I feel that I was blessed with a grace to know “true love”. I can smell false love a mile away. I am not vulnerable to it. I think this came from knowing God, and sensing how I was God’s beloved and not sensing any vulnerability, no sense that I would be “stripped bare”, abused, mistreated.

I do not understand the Journey, or really how I entered upon it. But I am grateful.

Brian+

Wednesday, February 17, 2010



Brian’s Reflection: Thursday, February 18, 2010


God can be realized through all paths. All religions are true.
The important thing is to reach the roof. You can reach it by
stone stairs or by wooden stairs or by bamboo steps or by a
rope.


Ramakrishna, Hindu/universal “saint”, born on this
date, 1836, in a rural village outside of Calcutta


“True”. It’s an elusive word. Can anyone really define “True”? I’ve thought about this for decades. Is there such a single thing as “true”, or is it something to be only approached, by various ways to the “roof”?
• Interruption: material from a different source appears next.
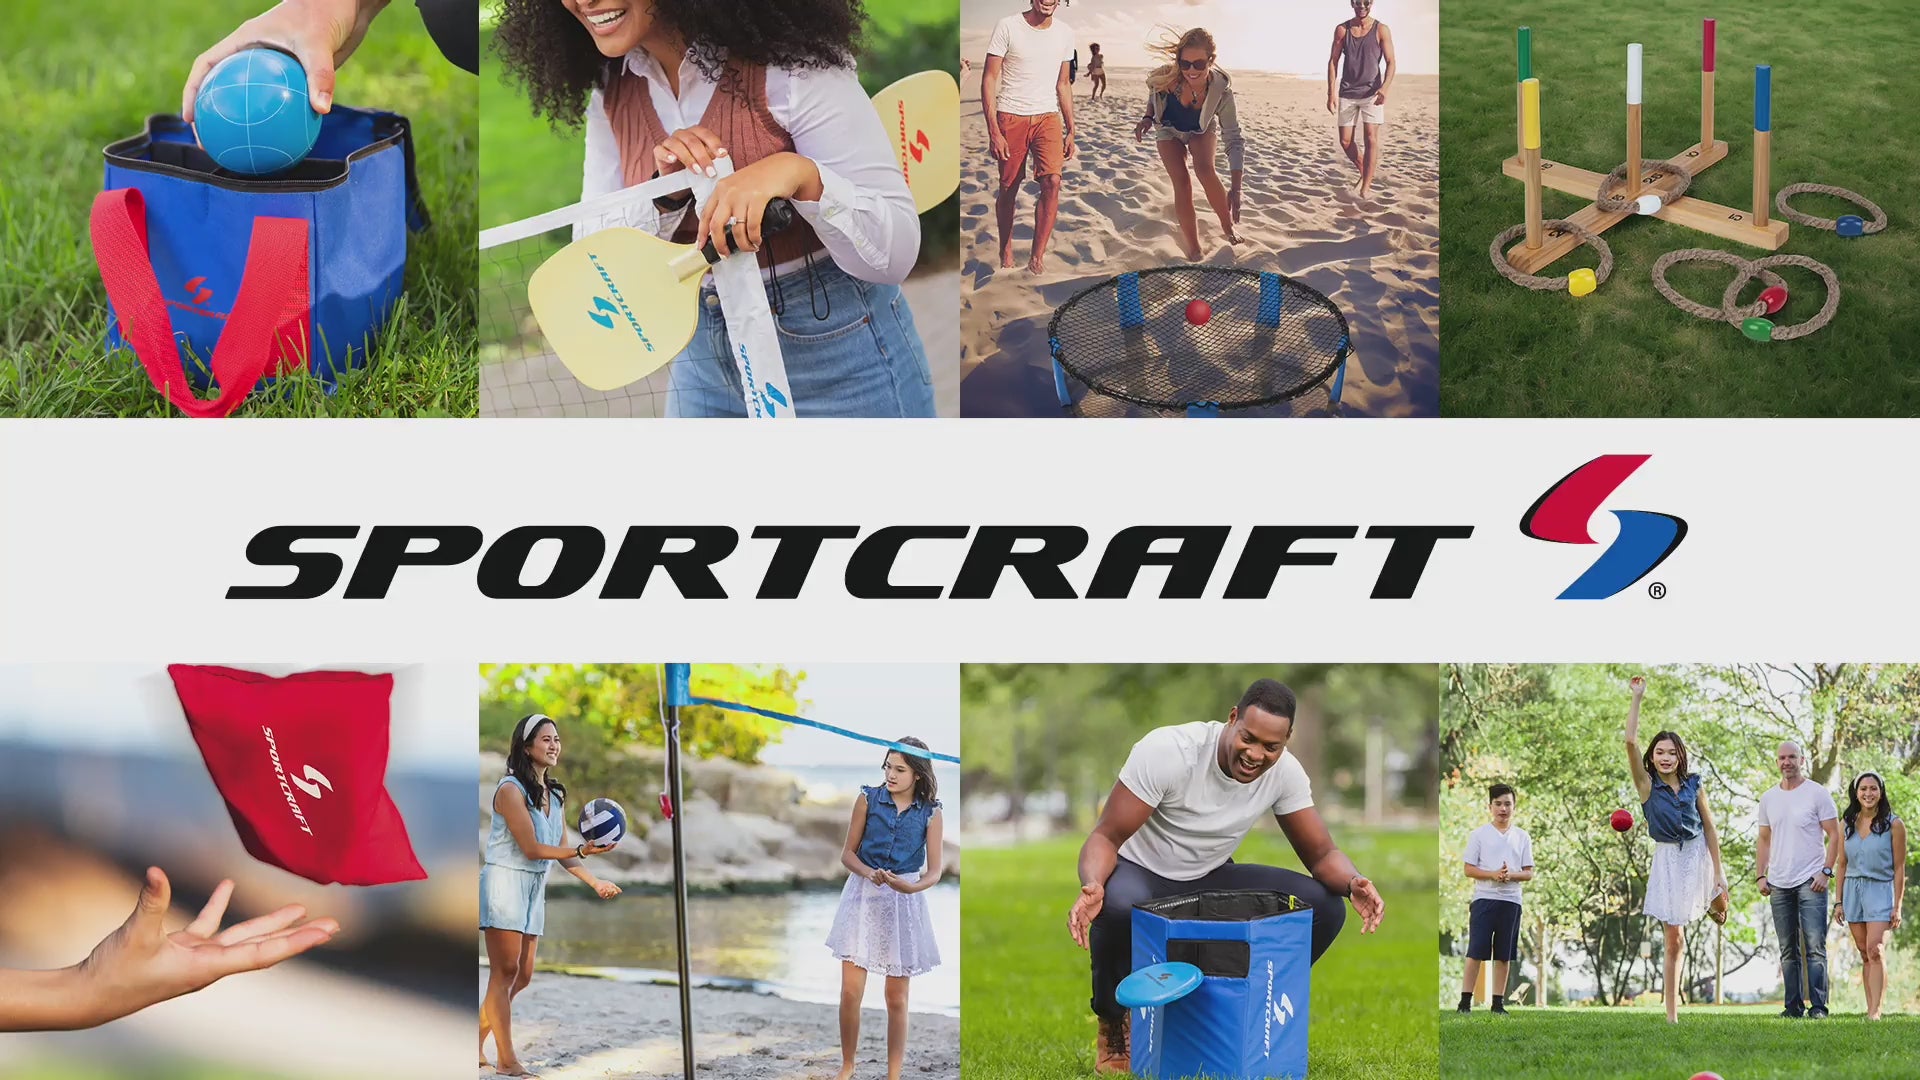 Load video: Sportcraft introduction video

“Roof” is a powerful metaphor for “union with God”, and for “the unity with all existence”. (See Ramakrishna’s short biography at http://www.vedanta.org/rko/ramakrishna/rk_bio.html ) Ramakrishna said that he knew both. I’ve had that experience. It isn’t, I think, a big deal, something open only to a few. I remember standing on a huge rock that stuck out into “space” high up in the Los Padres National Forest one retreat day when I was at Mt. Calvary Monastery in Santa Barbara. The sun was warm. The air was scented with sage. My eyes were charmed with California poppies. The sea glittered and danced far below me. The warm wind was flowing past me – and I thought of, “you do not know where the wind comes from or where it is going; so it is with the Spirit”. I took off all my clothes, sat on the warm rock, closed my eyes – and felt myself become one with Existence, with “God”.

We are indeed beckoned to the roof. It’s our destiny. We can call it what we want: “union with God”, merging with Being, comfortable in the Universe, whatever.

No religion is “truth”. It only participates in Truth. Offers its own particular rope or stair. Some may speak to us, some not. It depends on many things, internal and external. I now believe it is the subtle work of Evil at work in the human mind and spirit that sets one religion in hate and arrogance and pride against another.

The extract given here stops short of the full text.